Dear fellow RV'ers, here is a link to the pictures from underneath our brand new Mountain Air.  Please note most of these shots were taken by the dealer prior to us taking delivery !

https://imgur.com/a/7InJw

     After being invited, we traveled to Georgia to attend the open house at National Indoor RV Center. We meet our future sales person Angie Morrell and were treated to a wonderful time wile viewing many motor coaches.  We left Georgia with every confidence in our new dealer.  

     A short time later we traveled to Texas to view and fall in love with a 2017 Newmar Mountain Aire.  We agreed to the sale the last week of 2016 with delivery in late April 2017.  After owning, servicing and repairing our four prior Newmar units we felt no need to slither under our new 2017.

     We found rust early summer 2017.  After confirming rust with Newmar, Newmar blamed the dealer.  We contacted NIRVC, intending to explain the factory finger pointing.  Much to our surprise,NIRVC quickly informed us of, and e-mailed us dozens of pictures of what would have been deal ending rust !!

     Our last E-mail contact with Newmar was on January 2nd 2018, sent directly to Mr Miller- President and Mr. Parks- CEO.  The only question contained in this E-mail was "The great saddening deal of rust in the suspension and steering components brings questions of safety, can this coach be driven on public roads at freeway speeds ?".  To this date, there has never been an e-mail response.

     It is our hope, in making this public, no other RV customers will have to endure this great deal of frustration and stress.
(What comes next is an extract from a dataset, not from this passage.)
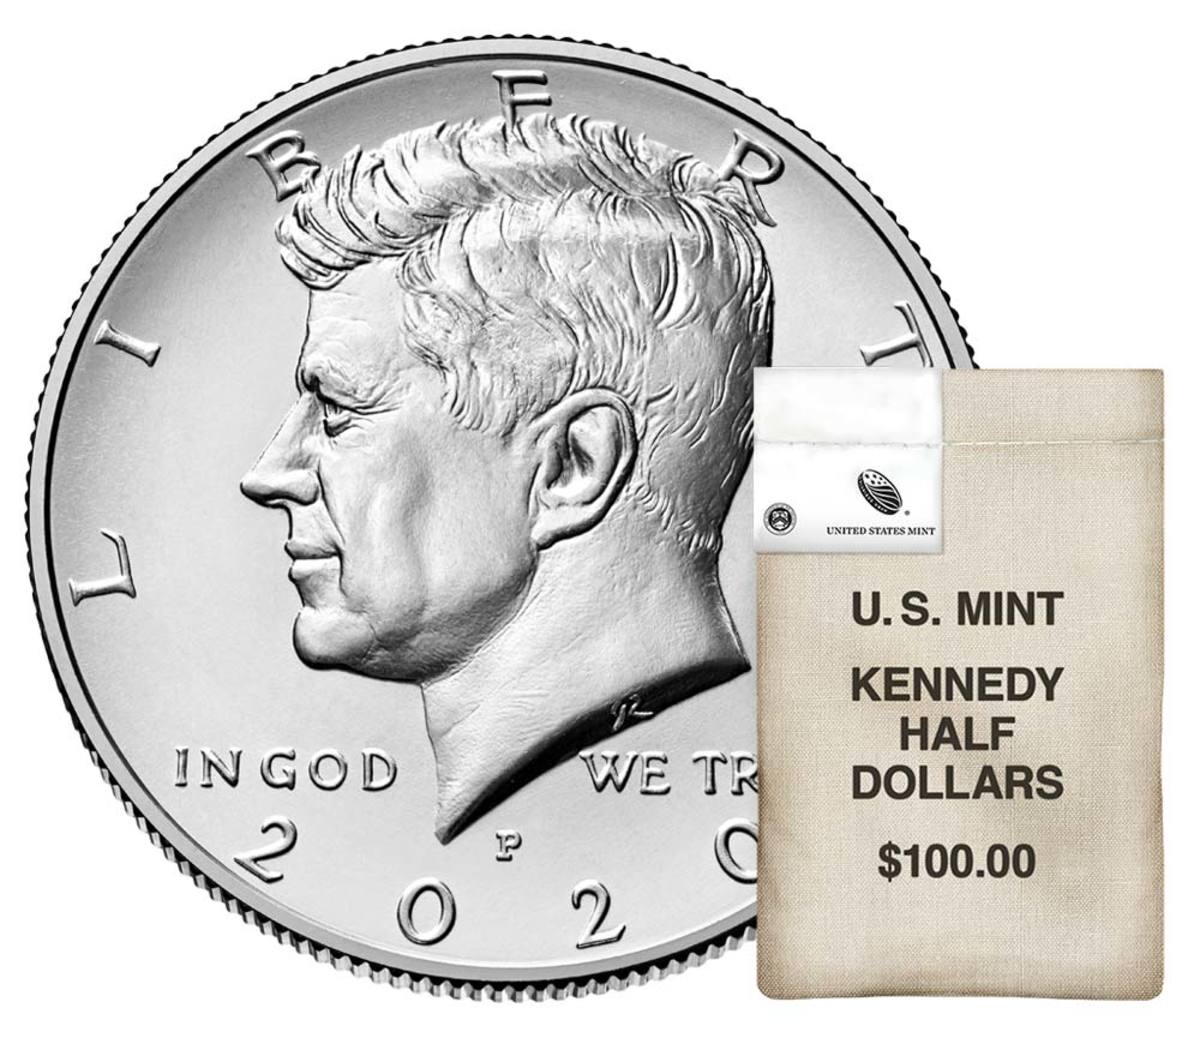 On June 4, the Mint is releasing 2020 Kennedy half dollar rolls and bags. (All images courtesy U.S. Mint.)

     Thank you, Paul & Kim


----------



## packnrat (Sep 2, 2018)

was this unit driven through salt water? aka a flooded coach?


----------



## terryna (Sep 17, 2018)

Will be fun follow


----------



## packnrat (Jan 18, 2019)

i am just a truck driver, did not eat very good yesterday or today, heck did not sleep in any motel.
but how old is this unit? 10-20 years?
i can see where it looks like acid had been poured or sprayed on things. very poor welding (as in wrong match of metals). no protections for the weld bead.  things like that. and time spent soaking in a salt bath.


----------



## blacktruck (Jan 21, 2019)

Interesting. I'll give you my disclaimer up front. My only source of information to make a judgement was based off the pictures posted in the link above. As a life long maintenance/service engineer guy that works for a big manufacturer, the pictures indicate a serious lack of prep work and protective coatings from the manufacturer. I am surprised they would try to lay this on a dealer and I am further surprised a dealer would have accepted this from the OEM without some documentation or recourse of some sort regarding the coating issue. The rust pictured should not have happened if the material would have been adequately prepped and coated when it was built. The quality of some of the welds and the way some of the brackets are attached is appalling but that is a whole other matter.  Somebody did mention the possibility of a flooded coach. There would be evidence of damage to the interior if the water was high enough. This does have the appearance of being exposed to very high humidity for a period of time for the rust to have formed as it did. I wish you well in getting some remedy for this. A high end coach company should not be putting out a product looking like this.


----------



## C Nash (Jan 21, 2019)

What I dont understand was these picture were taken before delivery.  Noway would I accept a new coach with this kind of damage.  Did he buy at big discount as is .  Guess im missing something.  Is the dealer now showing pictures to the customer after the purchase.  I dont know just a lot of unknown for me


----------